Films and books are different mediums and film is much more constrained than literature. Film is a very specific way of telling stories. There are things you can do in film that you can’t do with other dramatic mediums – you can have a chase movie for instance, but The French Connection would make a pretty poor bit of theatre. By there same measure there are things that films can’t do (or can’t do well) so it shouldn’t be a surprise that something conceived as a novel doesn’t work well (or work as well) as a film.
That said a book can still be translated into a successful film, it just has to be re-configured to work as film, a direct transcription of a novel would be shit. But that means people who have already read the book are usually dissatisfied as bits they like have changed or disappeared. But that has to happen.
Change is part of the film making process – a film is authored three times (or four times if it started out as a novel).
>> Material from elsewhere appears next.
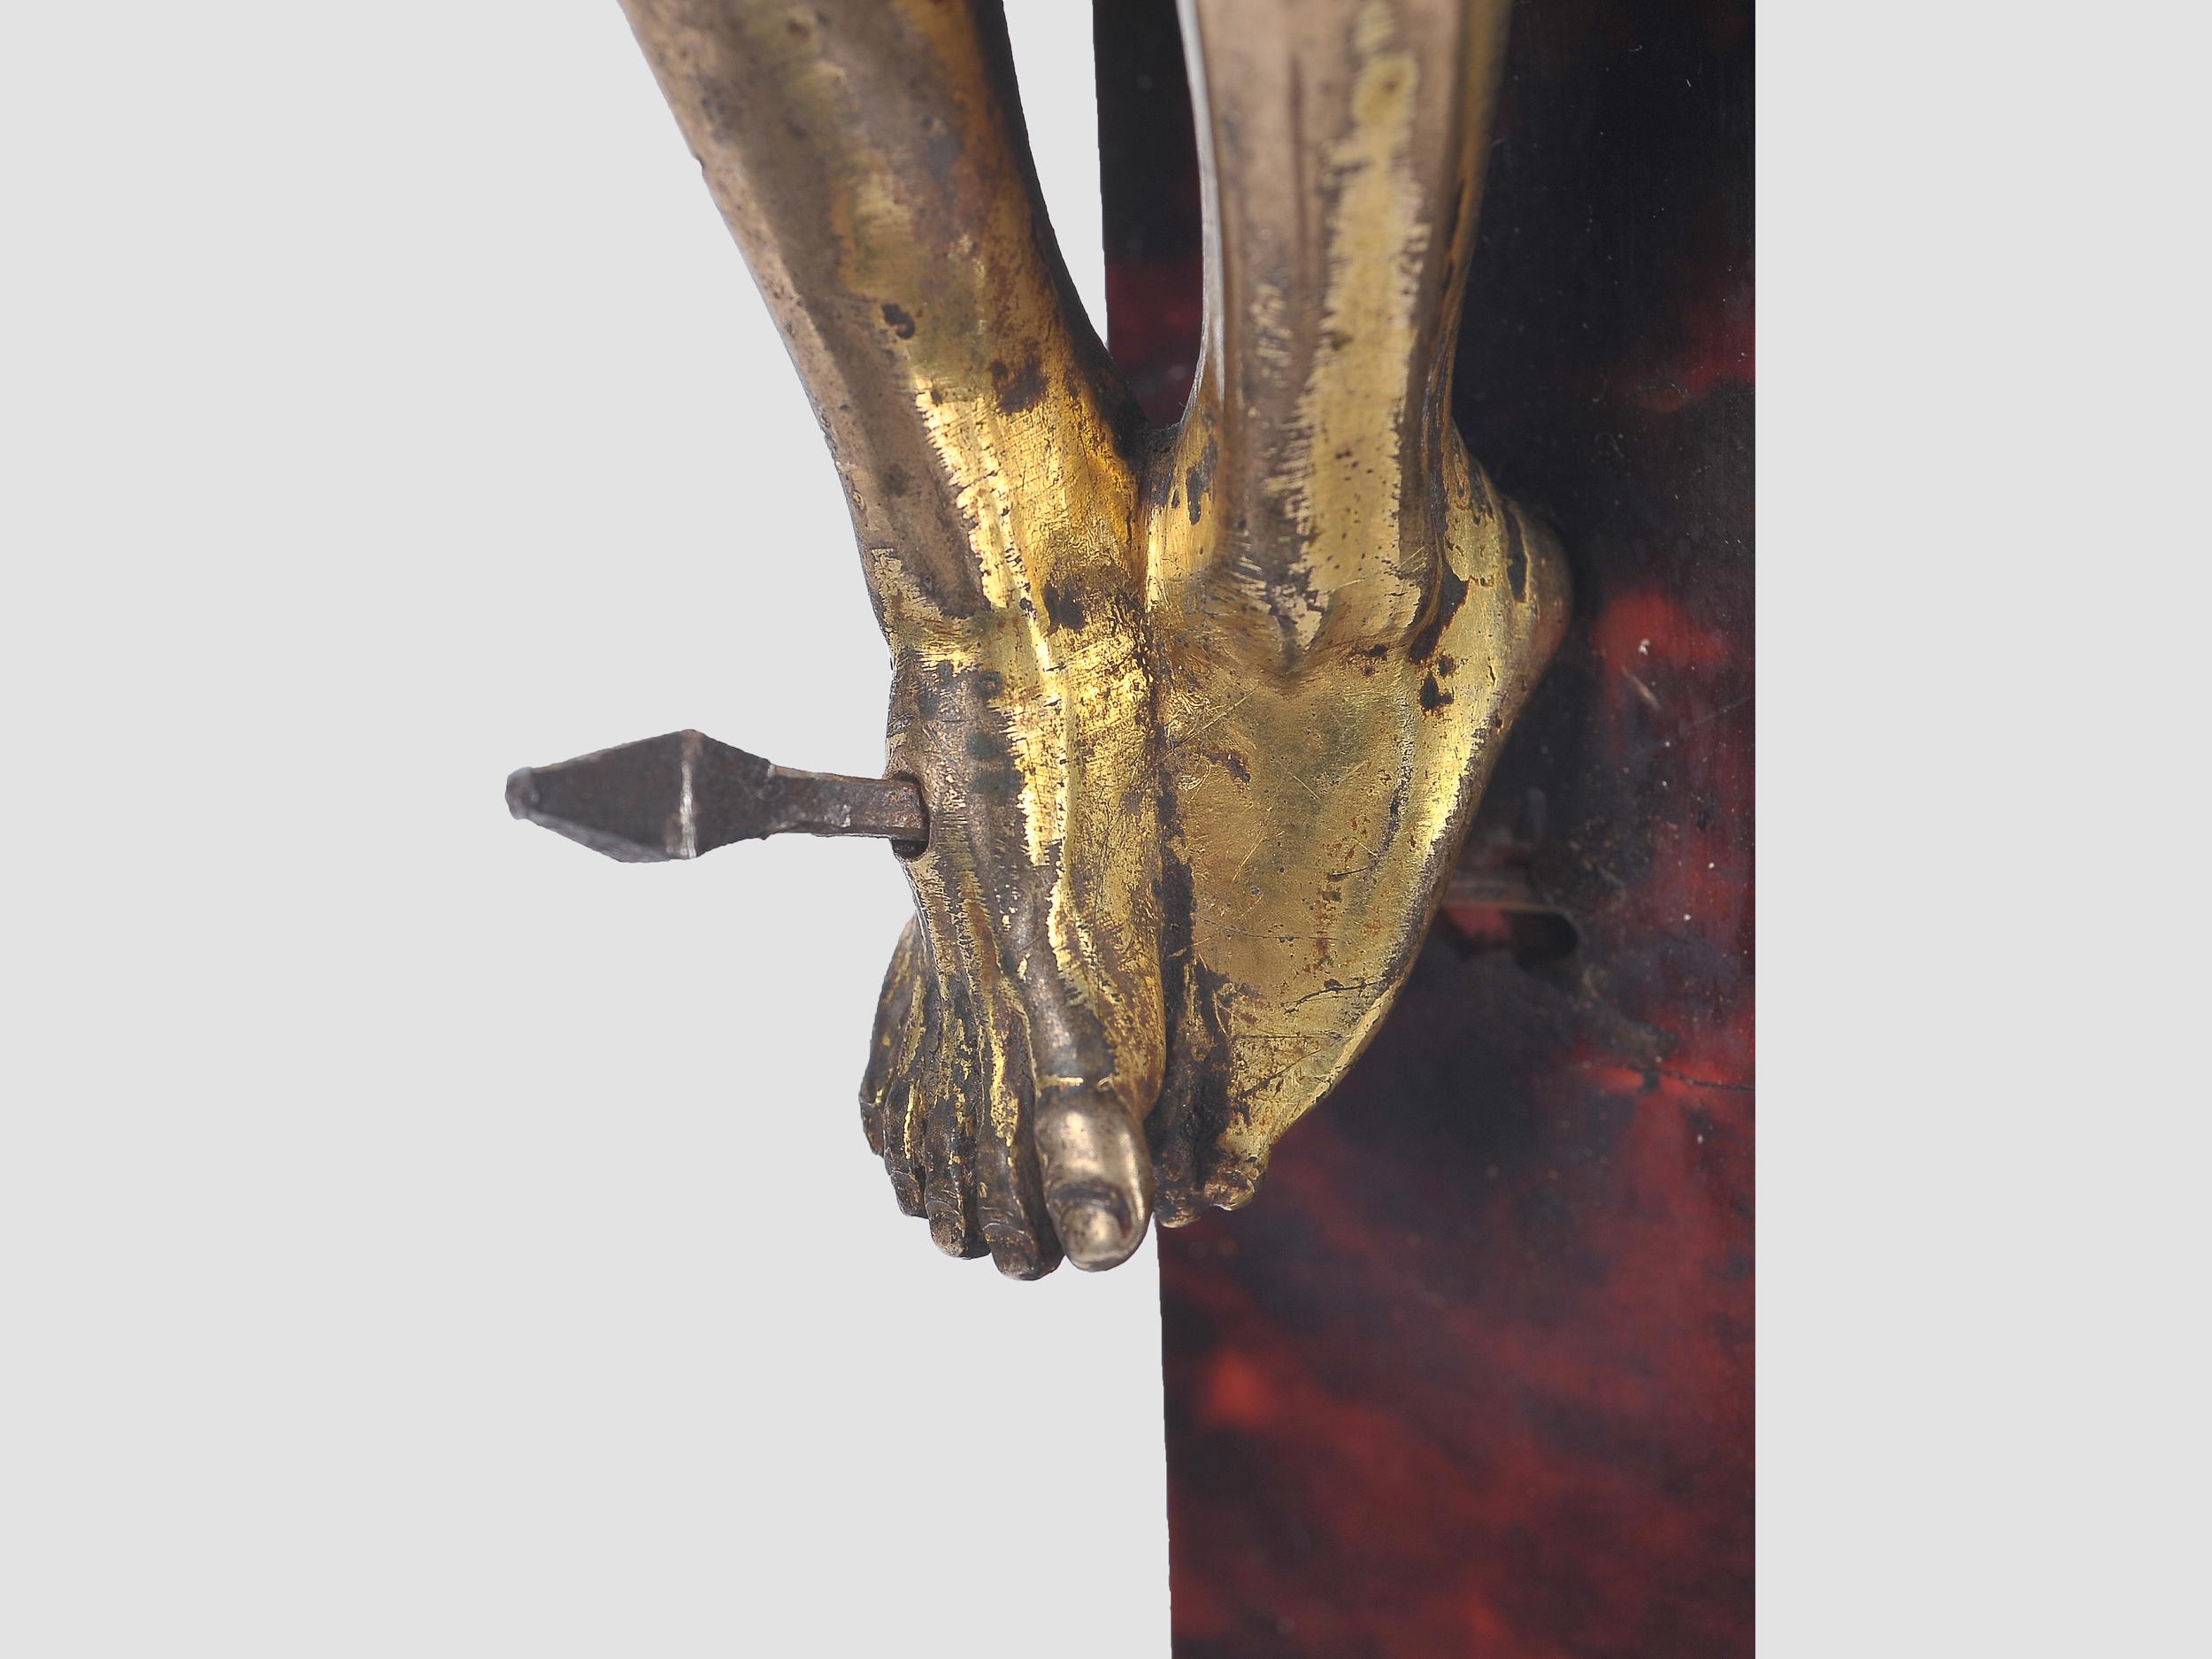 Corpus Christi, Savero da Ravenna 1496-1538 (Umkreis), Bronze - Image 6 of 9

A screen play is written (or adapted) then its filmed – thats a translation of the script, and then its edited, and thats an translation of the filmed footage. A film takes 2-3 months to shoot but it can take a year or longer to edit and thats because the film is really made in the edit. The edit isn’t a process of making sure everything in the script is there as written and in the right order, its a process of constructing cinema and that can mean discarding pieces of script, even discarding whole characters that have been written and filmed. Usually 9/10ths of the way through you have to shoot new footage to fill cinematic gaps.
The other problem with adapting books is seeing any transcription of a work you know always disappoints. Fans of the Goon Show were disappointed when it was televised for instance, simply because they’d had a picture in their head of what the radio charactered looked like, so when the Goons moved to TV in their eyes everybody looked wrong. Seeing someones elses version of your ideas makes everything seem unauthentic.